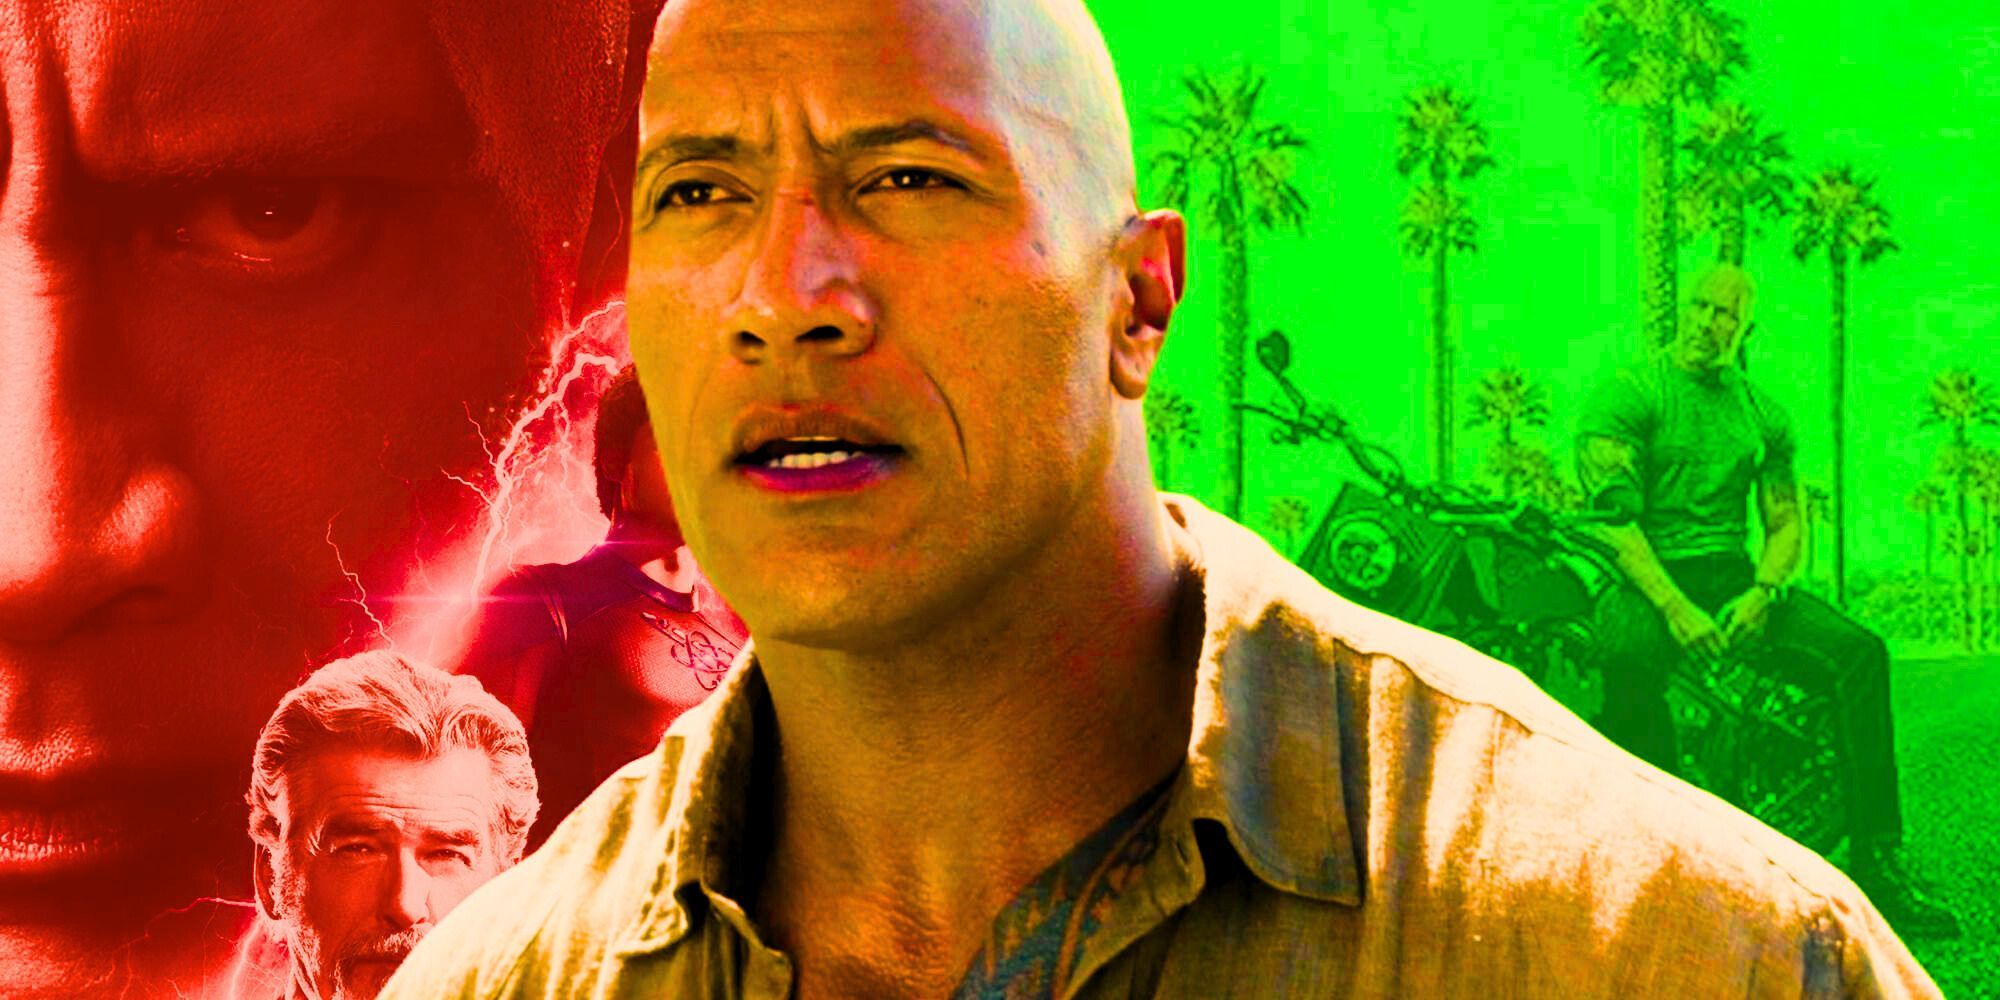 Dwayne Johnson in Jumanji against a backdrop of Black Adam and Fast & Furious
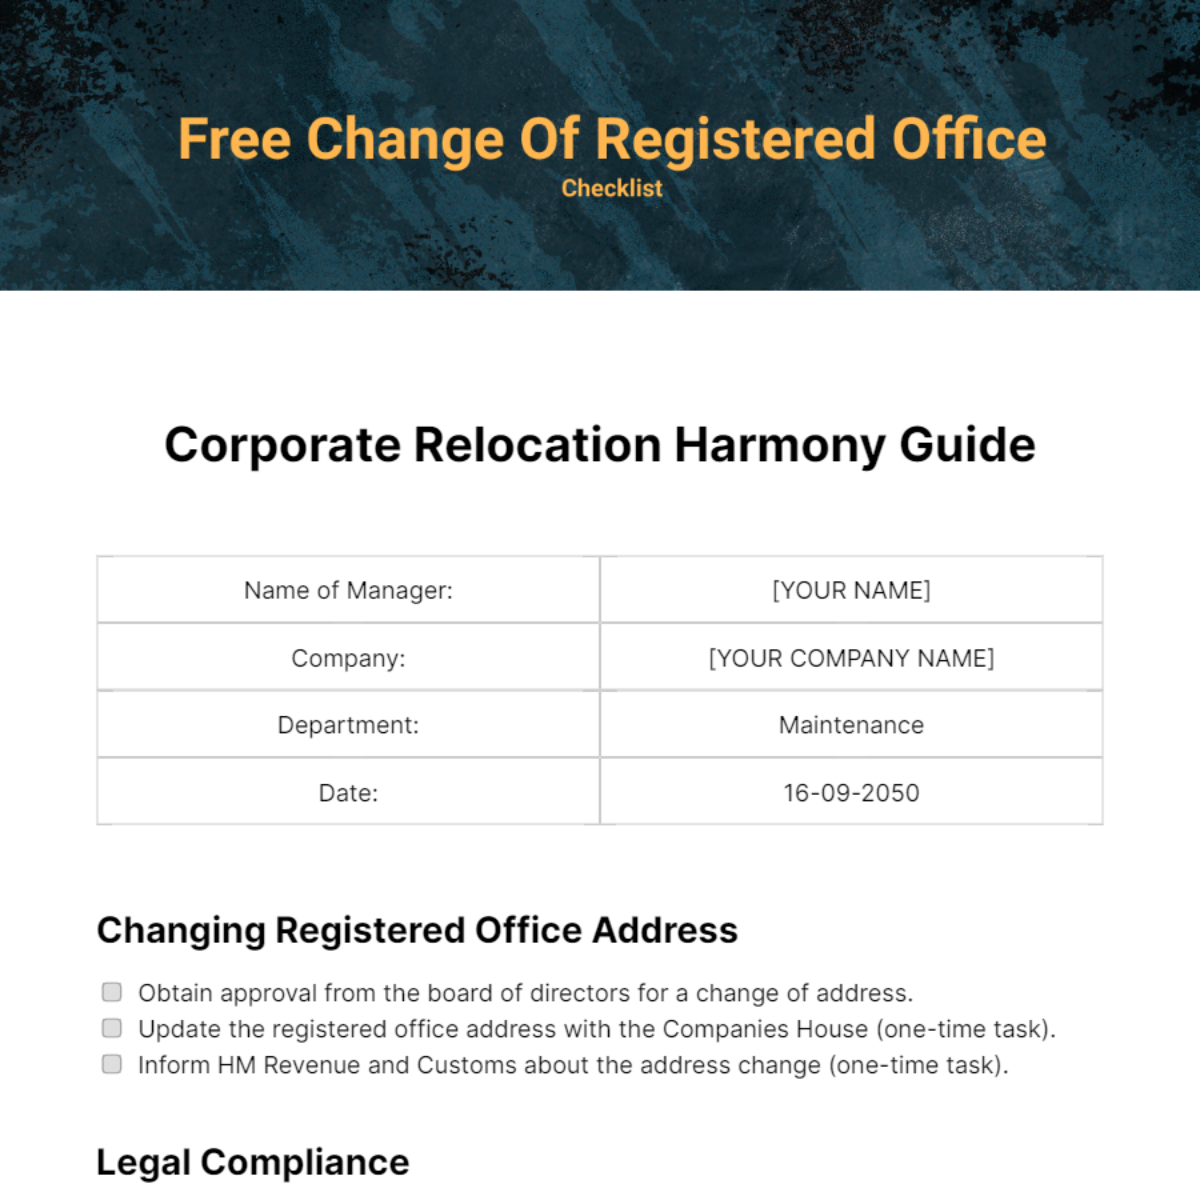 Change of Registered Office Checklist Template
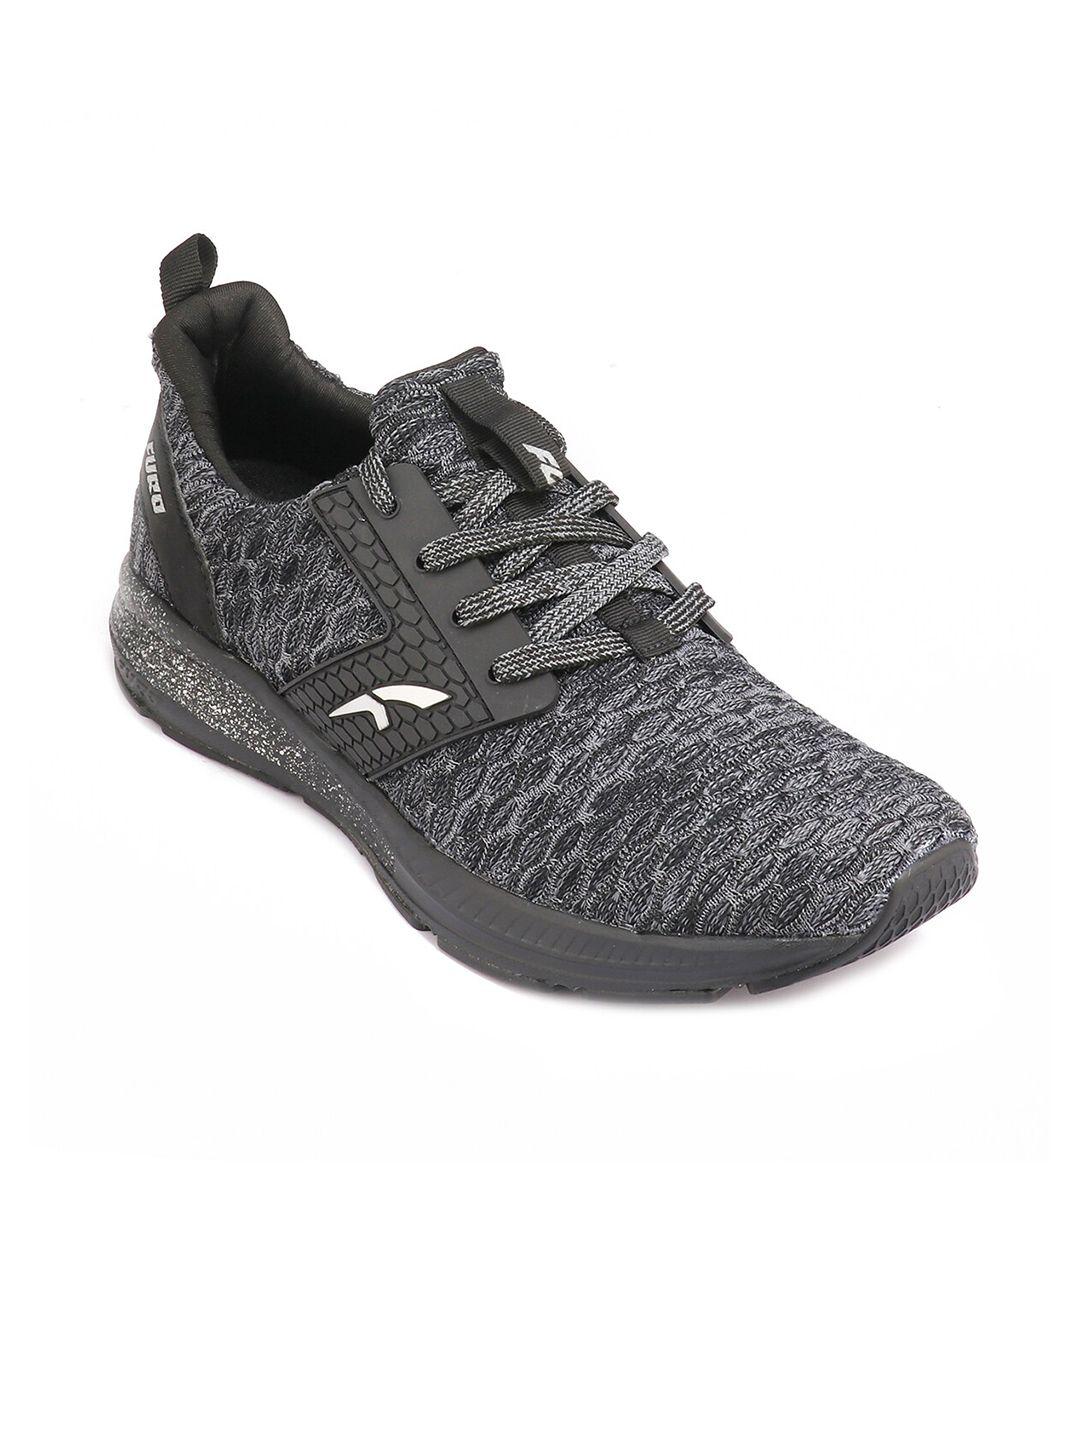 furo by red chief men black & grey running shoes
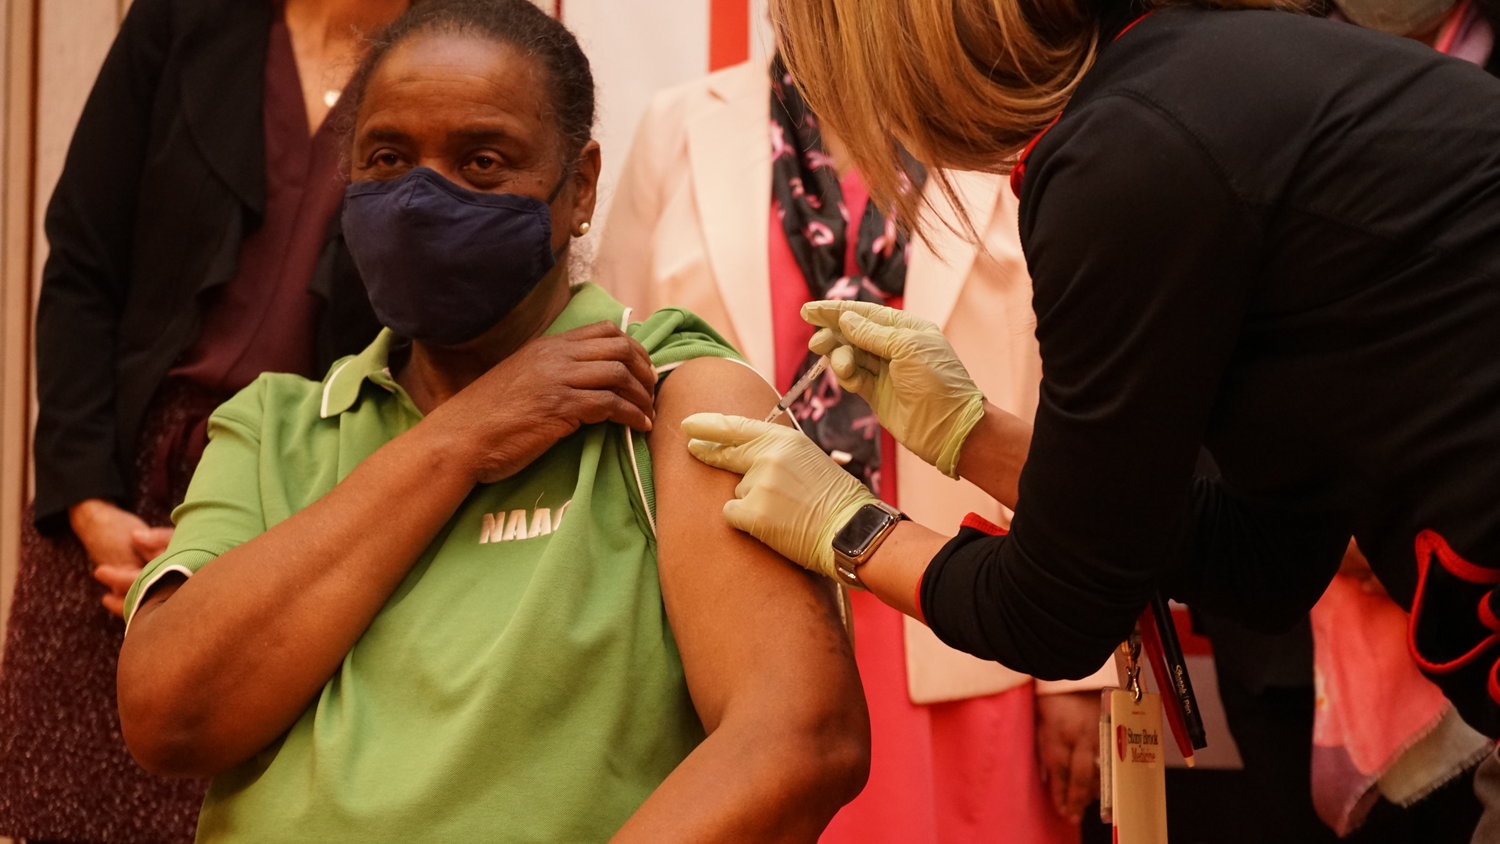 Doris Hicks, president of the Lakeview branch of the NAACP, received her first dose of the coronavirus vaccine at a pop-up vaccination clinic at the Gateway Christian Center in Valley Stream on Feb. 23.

YOUR TASK - Repeat the material above exactly; pictures do not belong in the copy.

RESULT -
 Dwayne Johnson in Jumanji against a backdrop of Black Adam and Fast & Furious
 Change of Registered Office Checklist Template
 furo by red chief men black & grey running shoes
 Doris Hicks, president of the Lakeview branch of the NAACP, received her first dose of the coronavirus vaccine at a pop-up vaccination clinic at the Gateway Christian Center in Valley Stream on Feb. 23.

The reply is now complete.